Congresso rejeita os cortes mais profundos propostos pelo governo Trump para a ciência

O Congresso rejeitou os cortes mais profundos propostos pelo governo para a ciência e elevou o financiamento do NIH em cerca de US$ 415 milhões, para US$ 48,7 bilhões. NASA e NSF também sofreram reduções muito menores do que as inicialmente defendidas pela administração.

O Congresso, sob controle republicano em ambas as Casas, rejeitou sistematicamente as propostas mais extremas do governo para o financiamento da ciência.

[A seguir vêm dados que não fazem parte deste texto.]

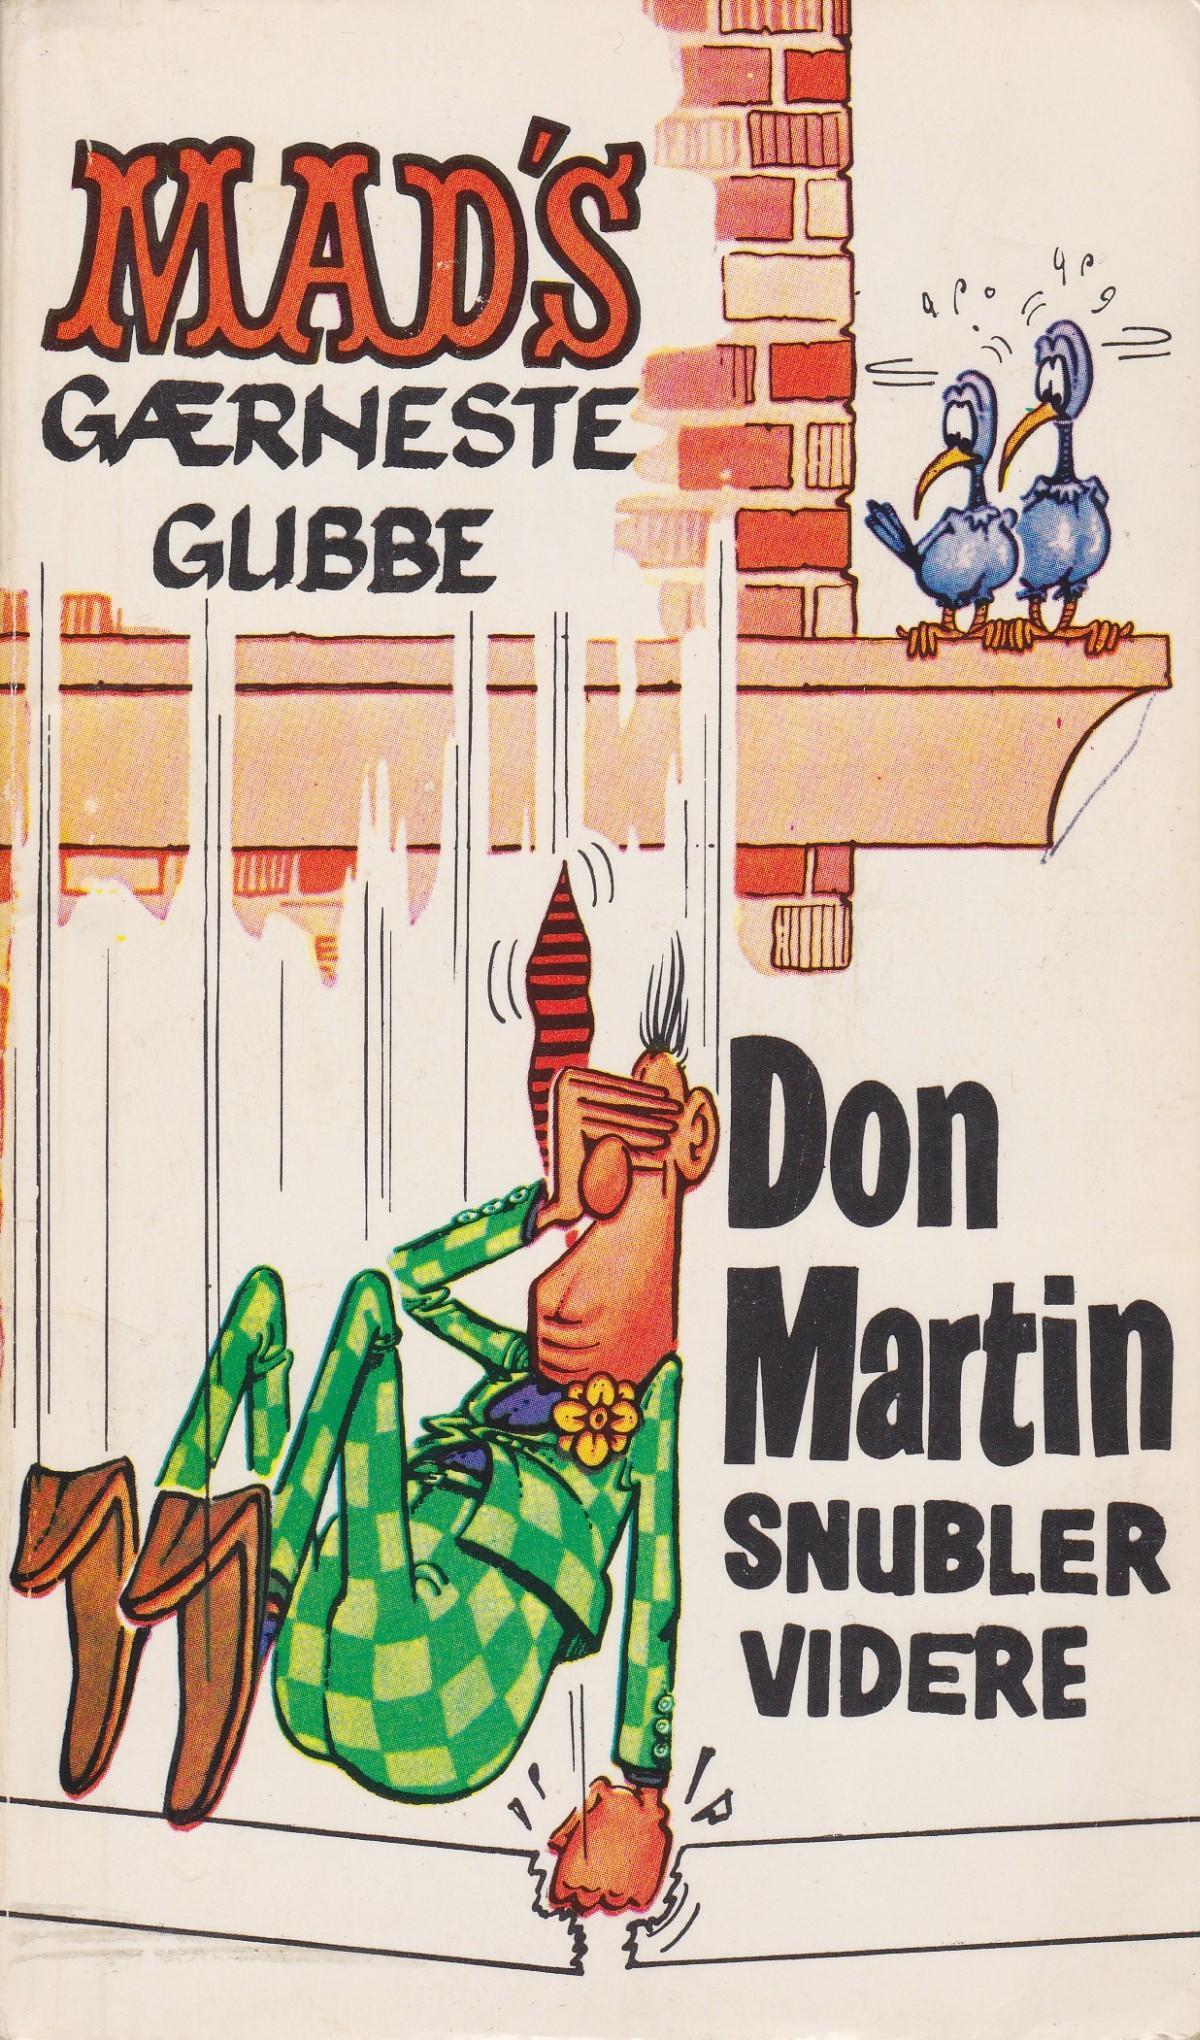 Mad's gærneste gubbe Don Martin snubler videre #2 • Norway • 1st Edition - Williams

No projeto de financiamento que o presidente Trump sancionou neste mês, os parlamentares não apenas se recusaram a cortar o orçamento do NIH em cerca de 40%; em vez disso, aumentaram-no em aproximadamente US$ 415 milhões, elevando o valor final para US$ 48,7 bilhões, praticamente inalterado em relação ao ano anterior.

Os parlamentares acrescentaram financiamento direcionado para pesquisa em câncer, doença de Alzheimer e a BRAIN Initiative para o desenvolvimento de neurotecnologias. O Congresso também incluiu linguagem detalhada para restringir excessos do Executivo. Reiterou que o NIH não pode alterar unilateralmente o funcionamento das taxas de custos indiretos, limitou a capacidade da agência de redirecionar recursos para concessões plurianuais que excluem novas bolsas, exigiu briefings mensais ao Congresso sobre concessões e encerramentos de subsídios para garantir que o dinheiro alocado esteja de fato sendo distribuído, e orientou o NIH a continuar a profissionalizar a contratação de diretores de institutos, com contribuição científica externa e supervisão do Congresso.

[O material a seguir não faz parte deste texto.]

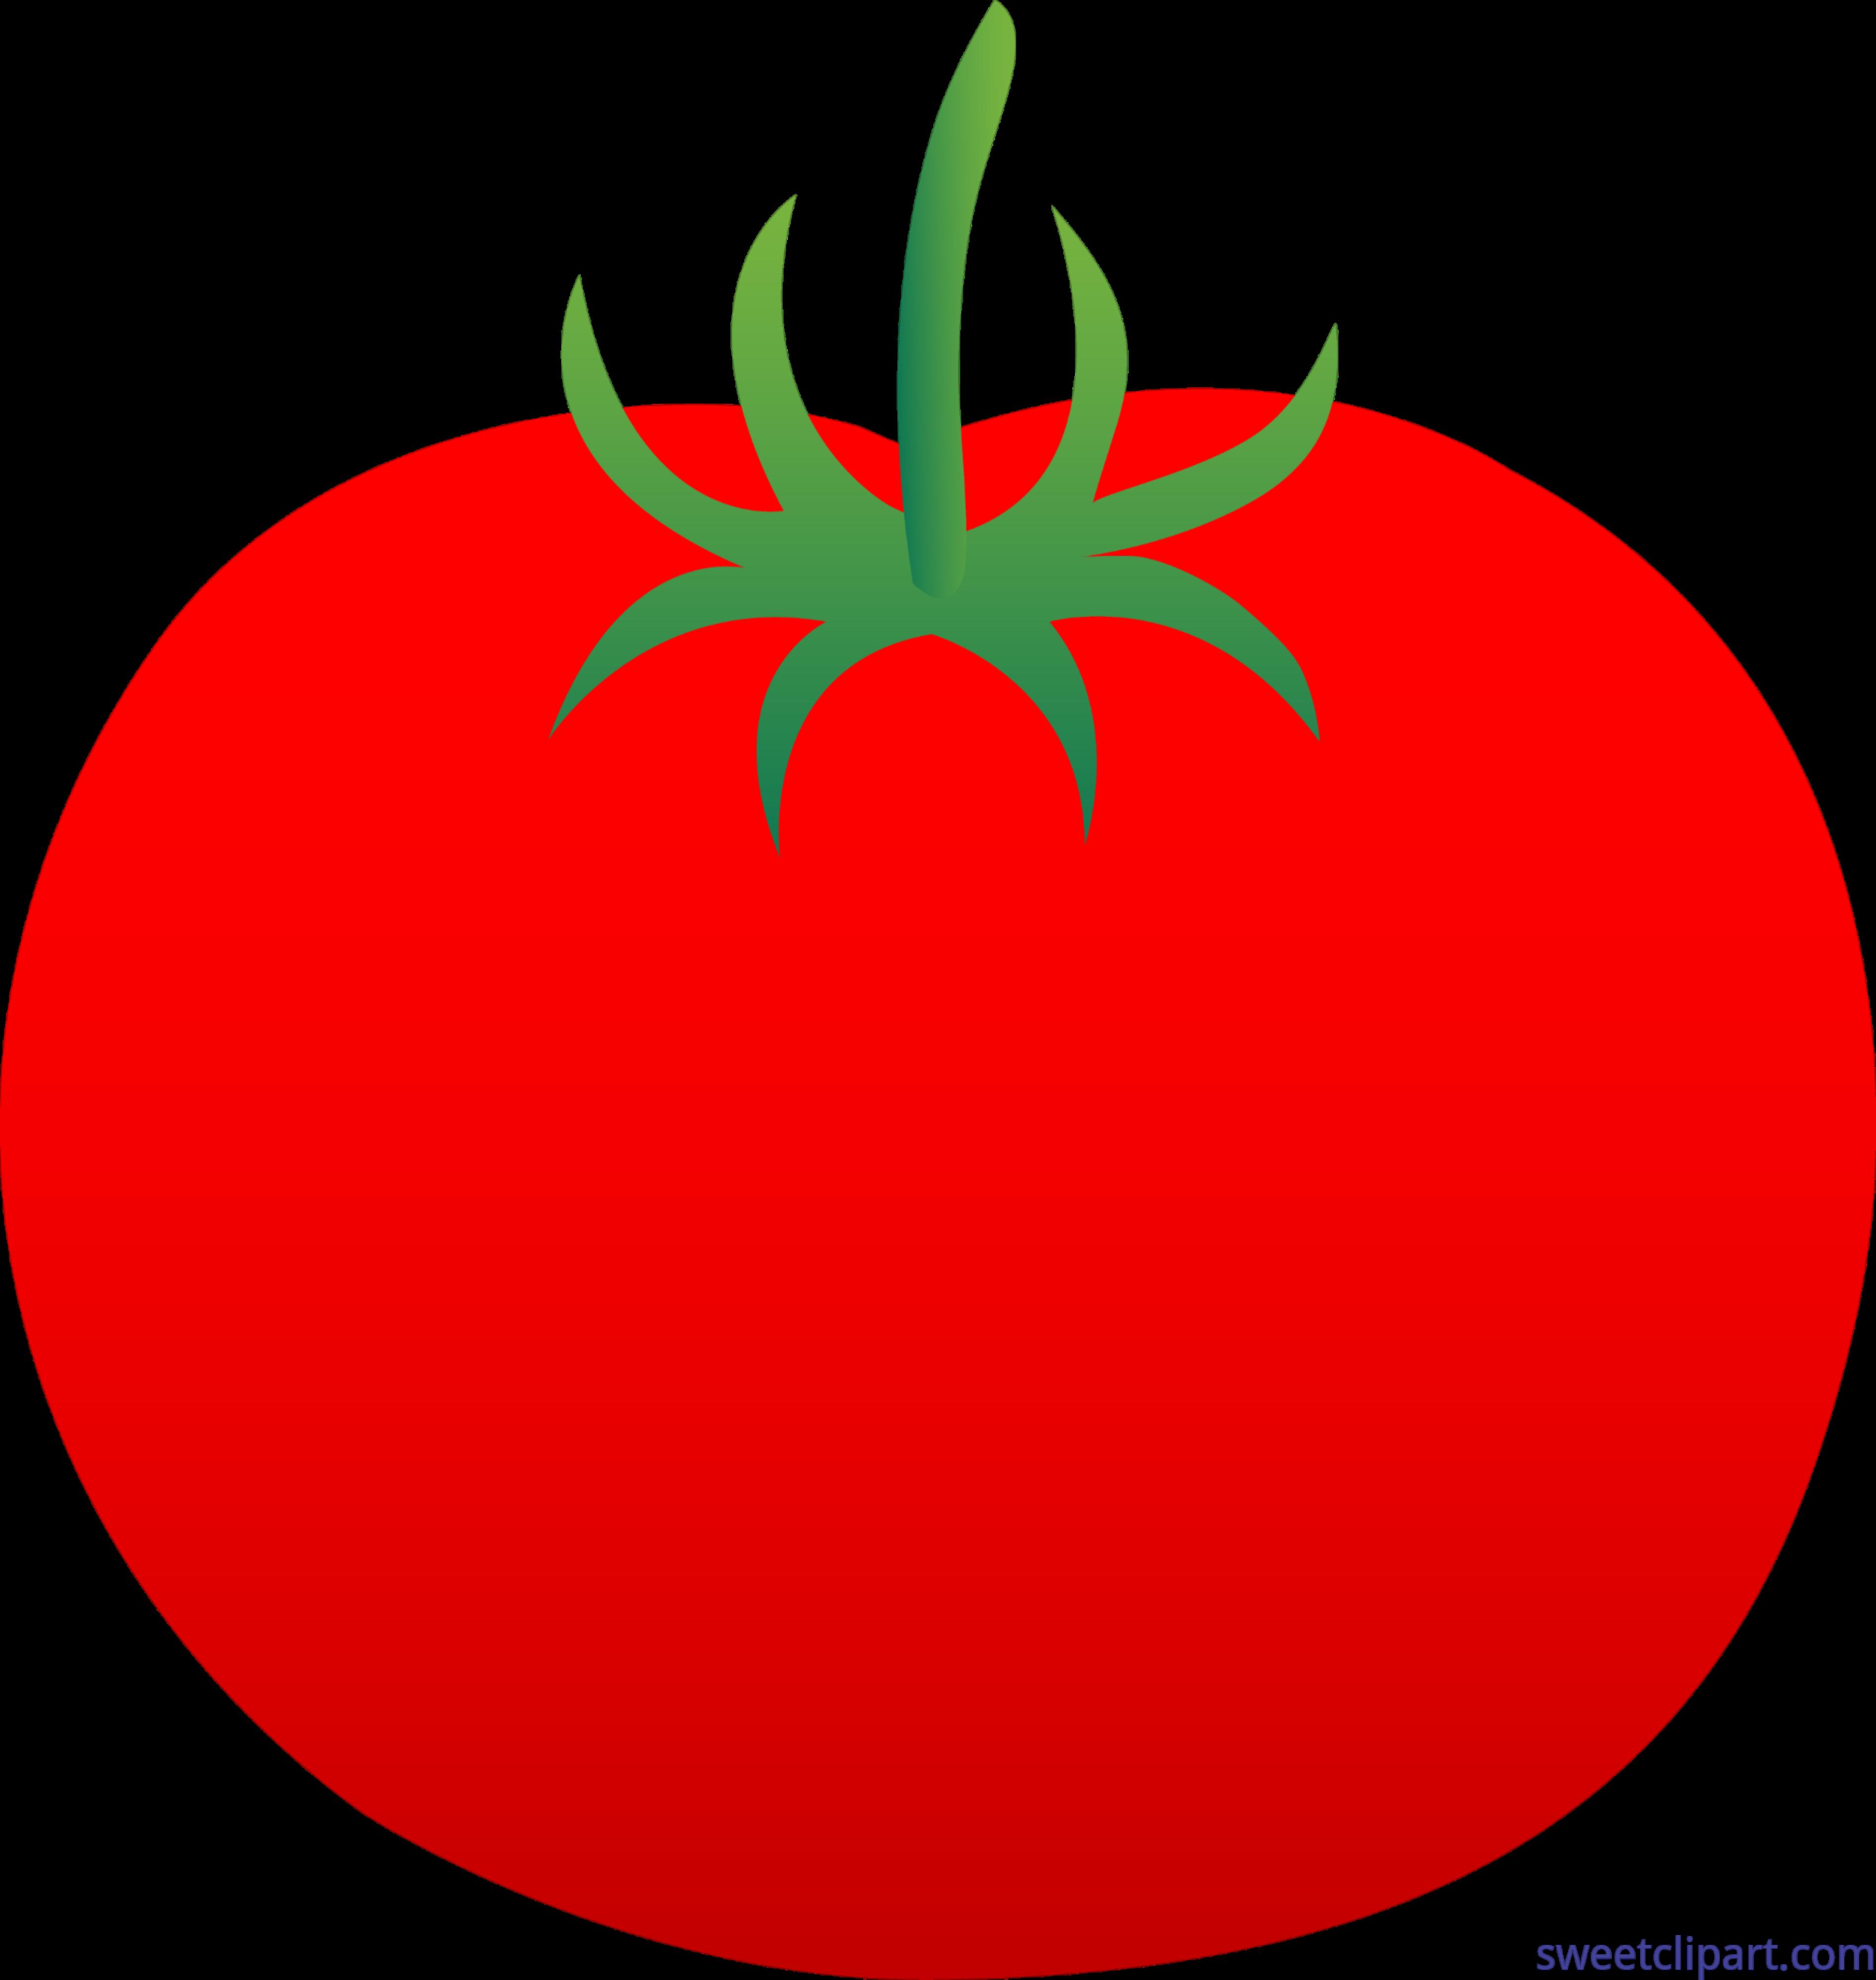 red tomato clip art sweet clip art rh m sweetclipart com tomato clip art black and white tomato soup clipart

Padrões semelhantes aparecem em outras áreas. A NASA enfrenta um corte de 1,6%, em vez dos 24% buscados pelo governo. O orçamento da NSF caiu 3,4%, e não 57%.

O governo Trump propôs cortar o NIH em cerca de 40%. Tentou limitar a recuperação de custos indiretos — a parcela das verbas federais que reembolsa universidades por despesas como instalações, conformidade regulatória, segurança e equipamentos — a 15%, ameaçando bilhões em infraestrutura de pesquisa. Também retardou a liberação de subsídios, esvaziou a liderança das agências, impôs exigências de aprovação política às decisões de financiamento, como exigir que altos nomeados políticos assinassem a autorização de subsídios antes que pudessem ser concedidos e encerrar programas voltados para disparidades raciais em saúde, além de implementar congelamentos direcionados de financiamento em universidades específicas.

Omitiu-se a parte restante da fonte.